[Items listed in a dataset]
::::::::::
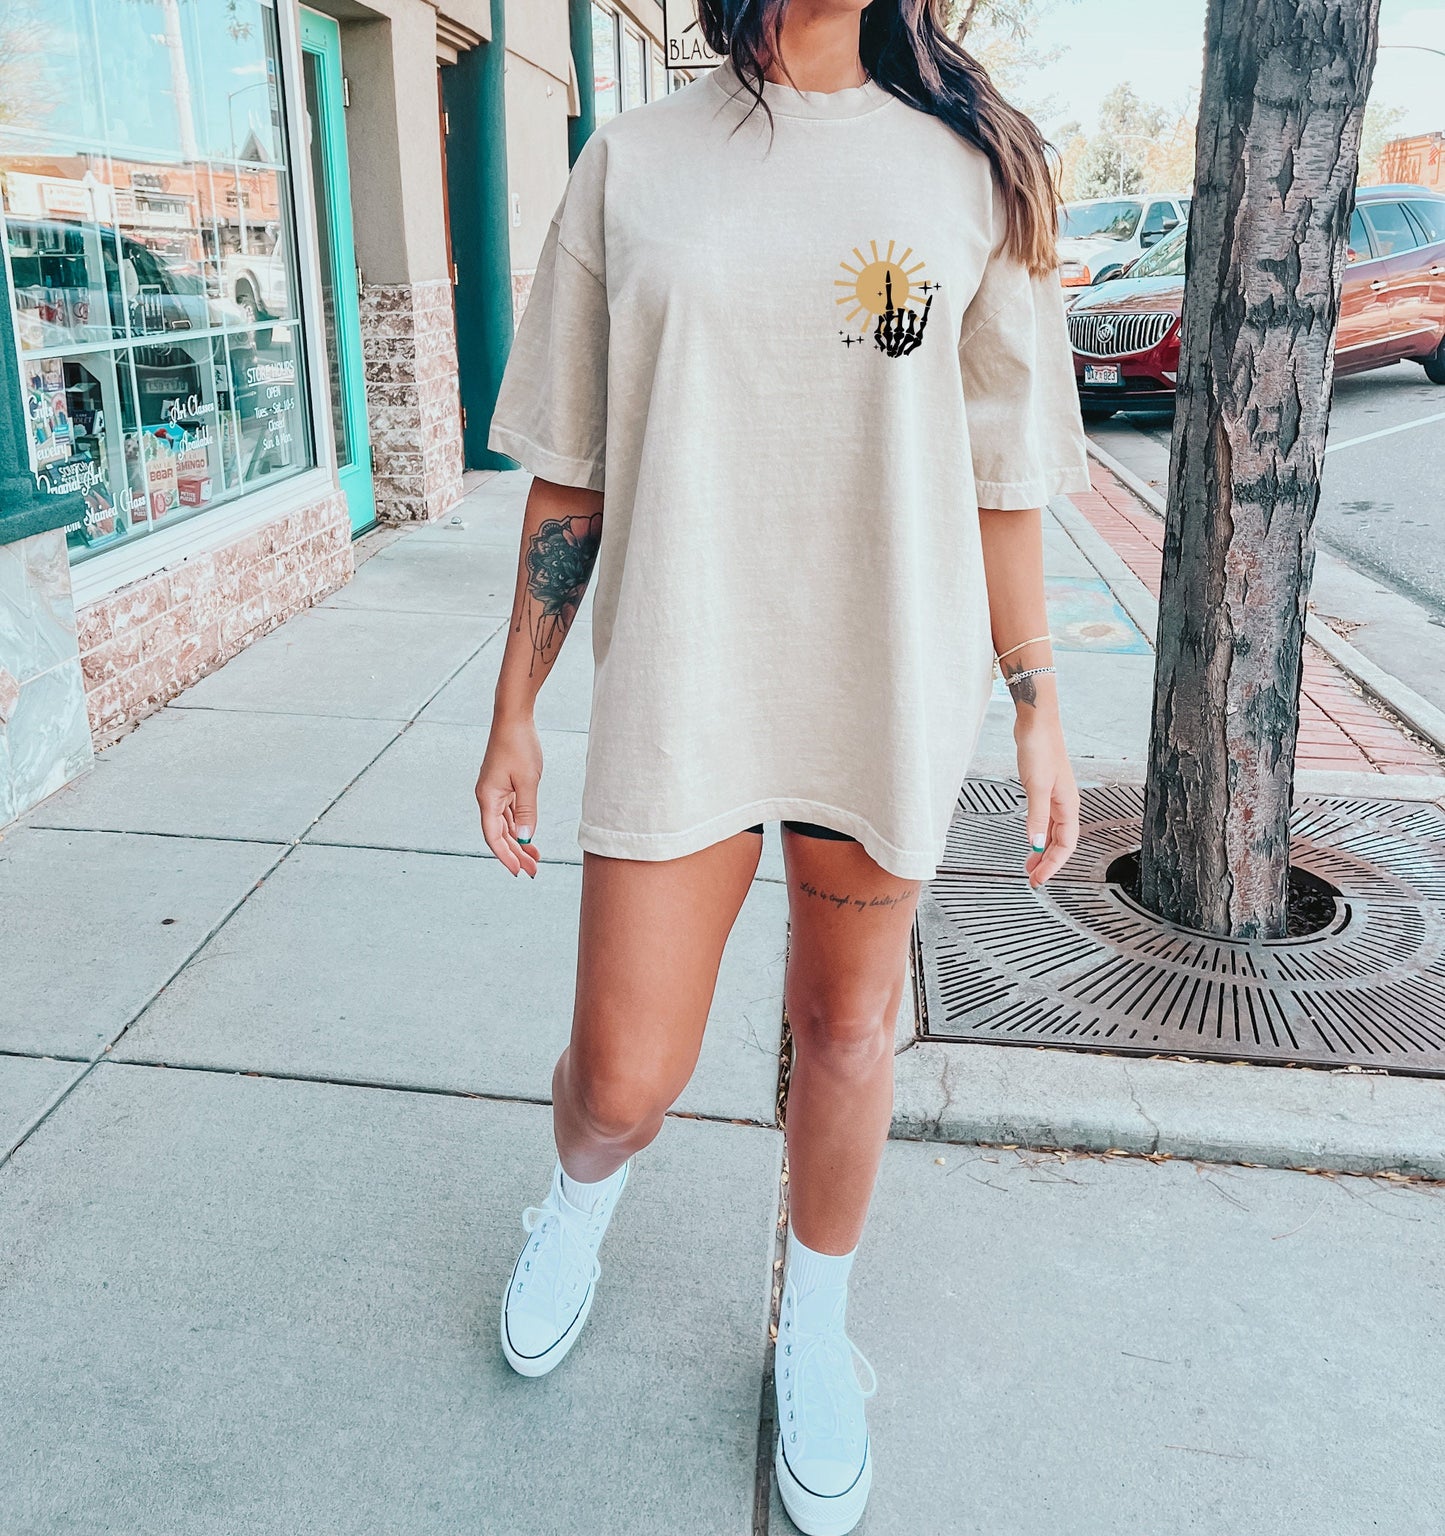 Tanned Tatted Tipsy T-Shirt, Oversized T-Shirt, Beach Shirt, Beach Cover Up, Vacation T-Shirt, Tanned and Tipsy, Cruise T-Shirt
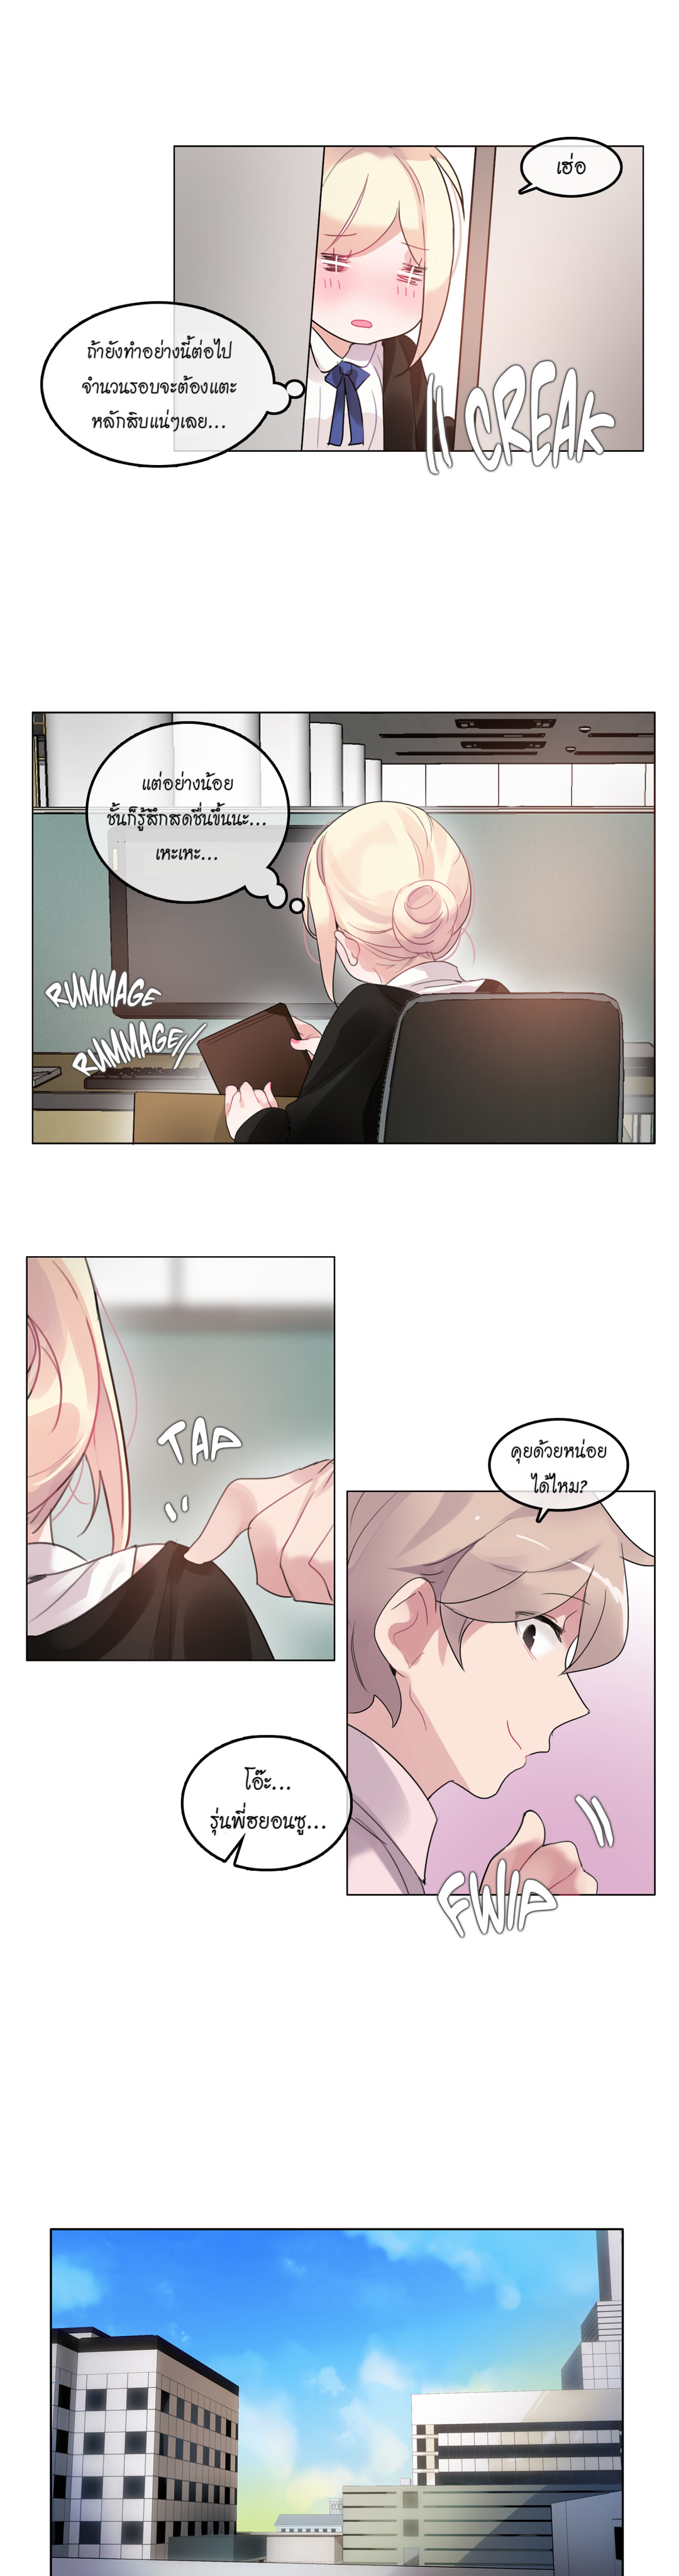 A Pervert’s Daily Life49 (13)
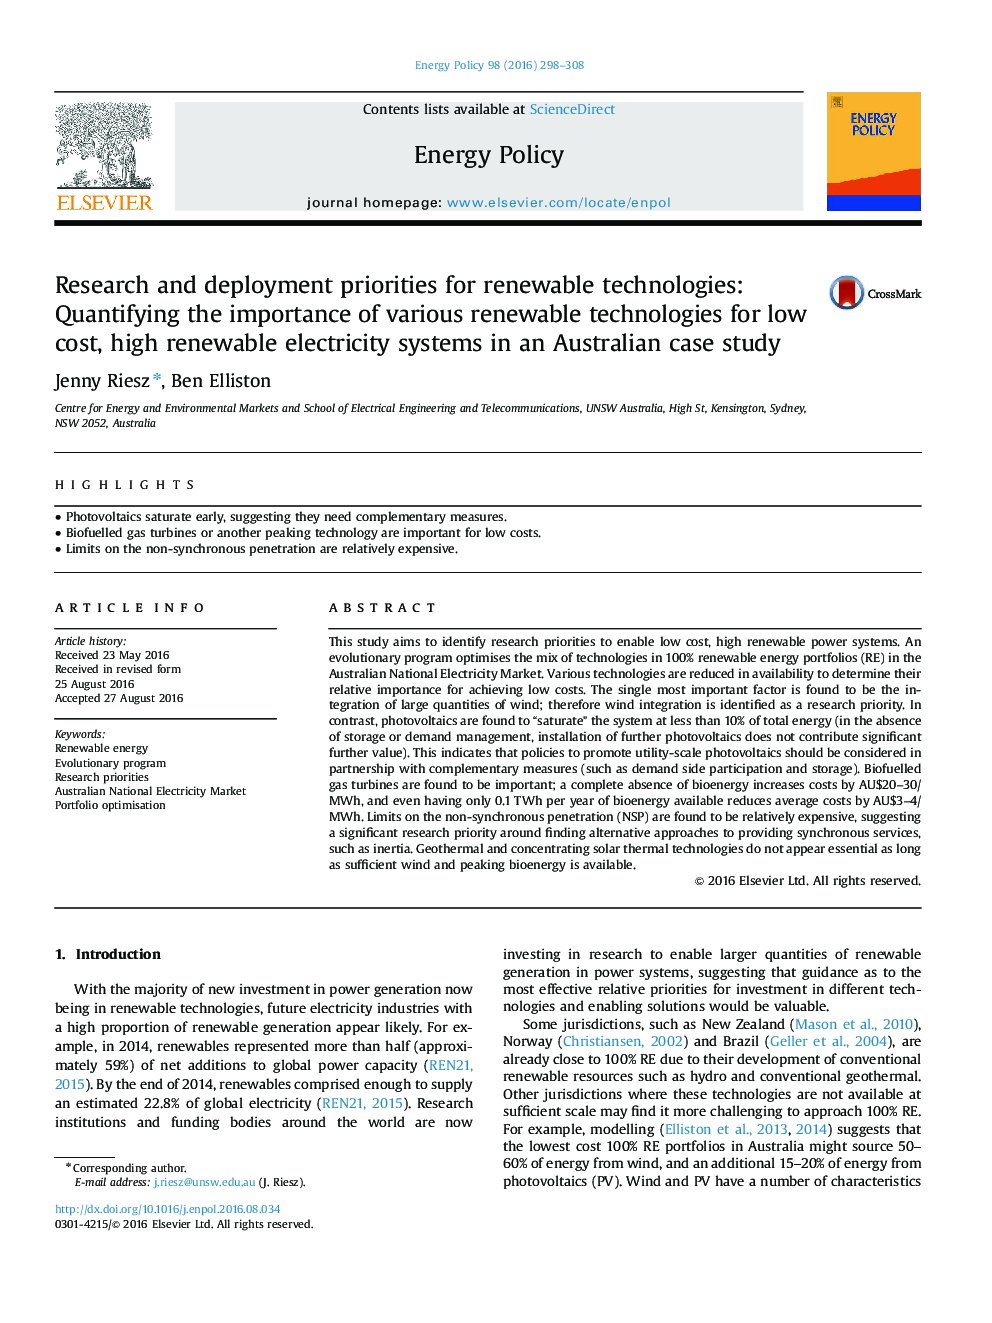 Research and deployment priorities for renewable technologies: Quantifying the importance of various renewable technologies for low cost, high renewable electricity systems in an Australian case study
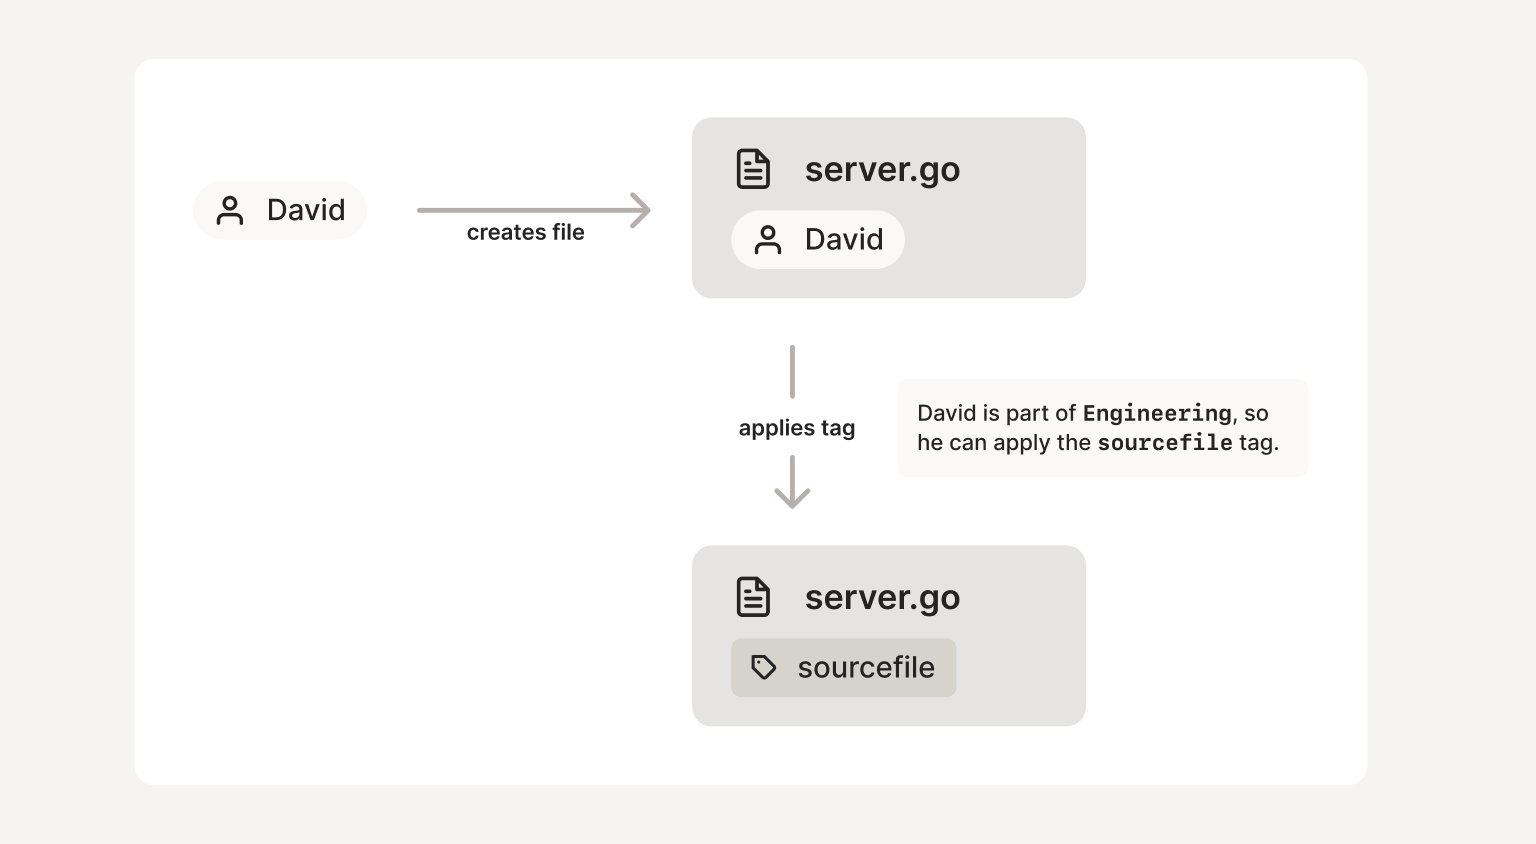 A diagram demonstrating a user creating a file. Upon creation, the file is owned by the user. Because the user is part of the Engineering group, he is able to apply the 'sourcefile' tag which causes the file to inherit the permissions associated with that tag.
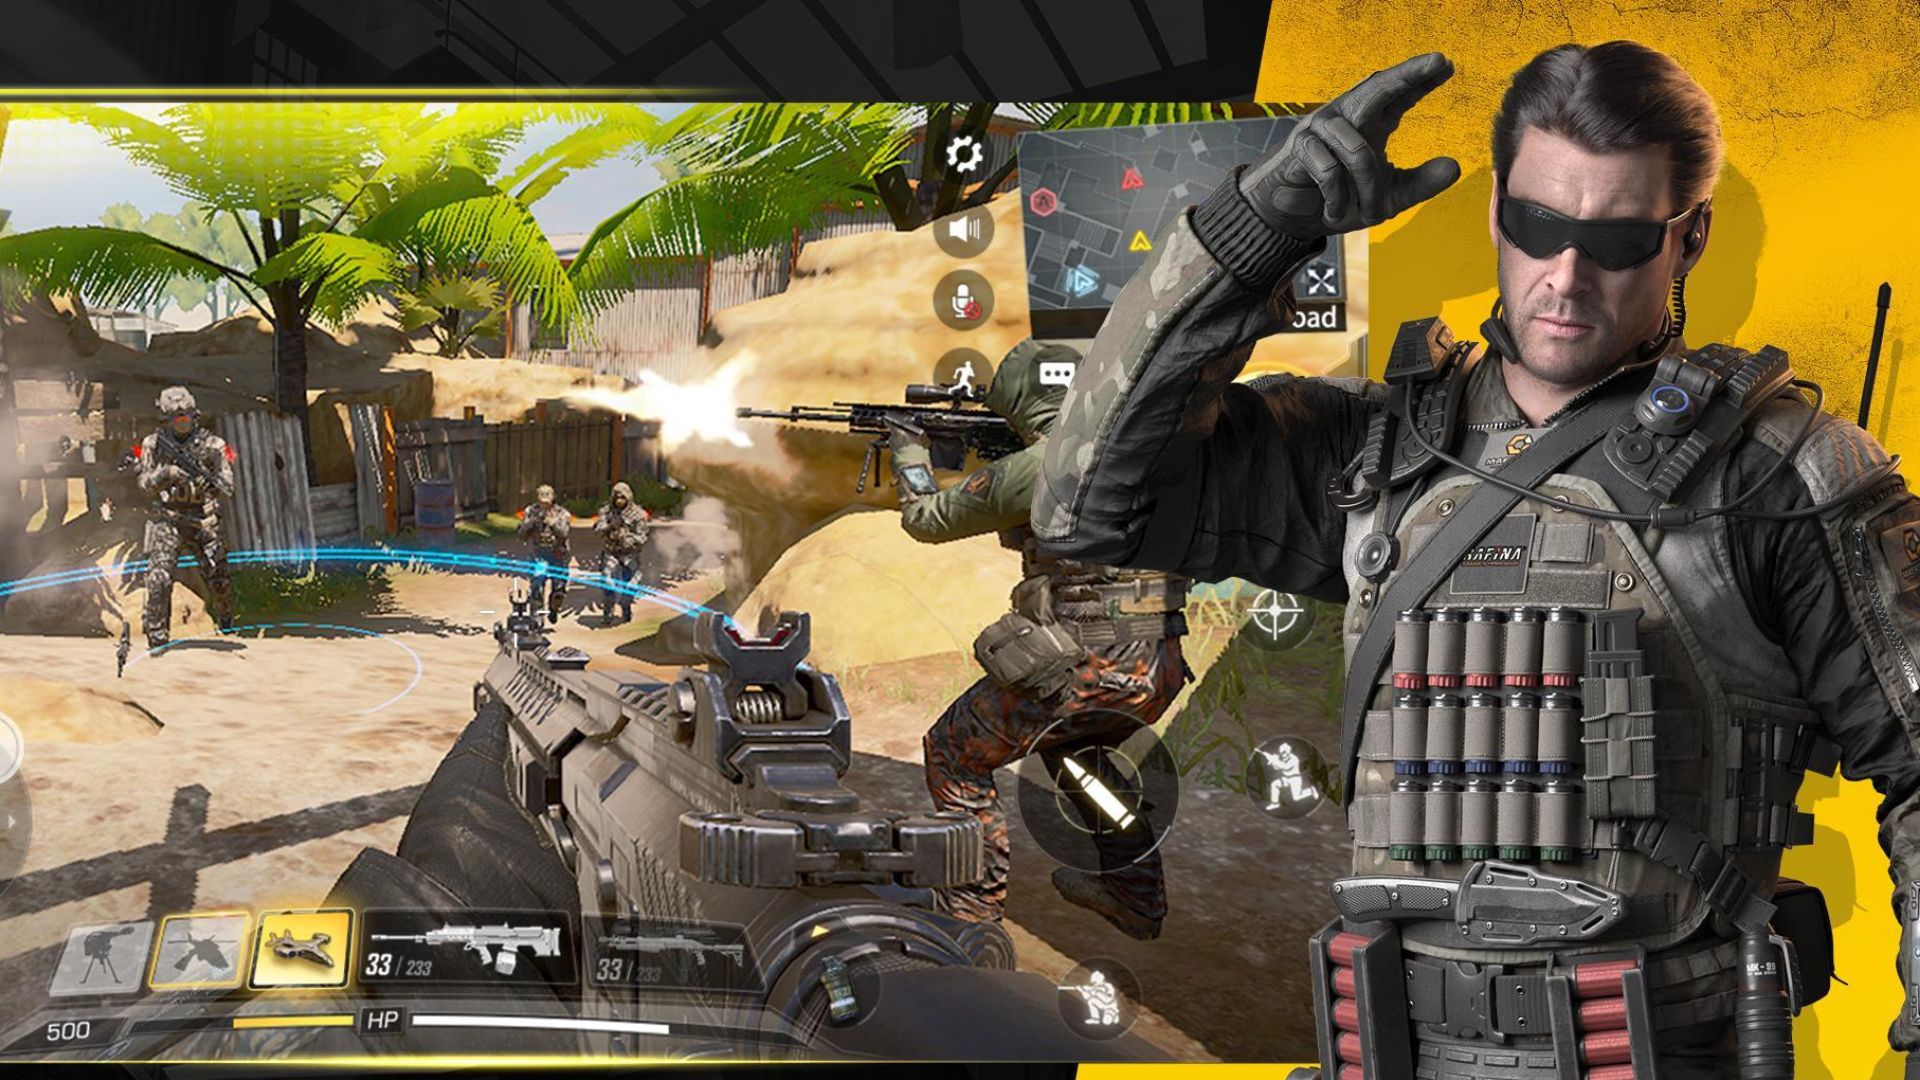 FPS games - a man stands saluting in modern soldier armour next to a screenshot from Cod Mobile showing a first person view of a man holding an assault rifle.
::::::::::
== Your goal ==
Omit the pictures. Print, word for word, the lines from the beginning of the entries above through the line that holds "Research and deployment".

== Answer section ==
 Tanned Tatted Tipsy T-Shirt, Oversized T-Shirt, Beach Shirt, Beach Cover Up, Vacation T-Shirt, Tanned and Tipsy, Cruise T-Shirt
 A Pervert’s Daily Life49 (13)
 Research and deployment priorities for renewable technologies: Quantifying the importance of various renewable technologies for low cost, high renewable electricity systems in an Australian case study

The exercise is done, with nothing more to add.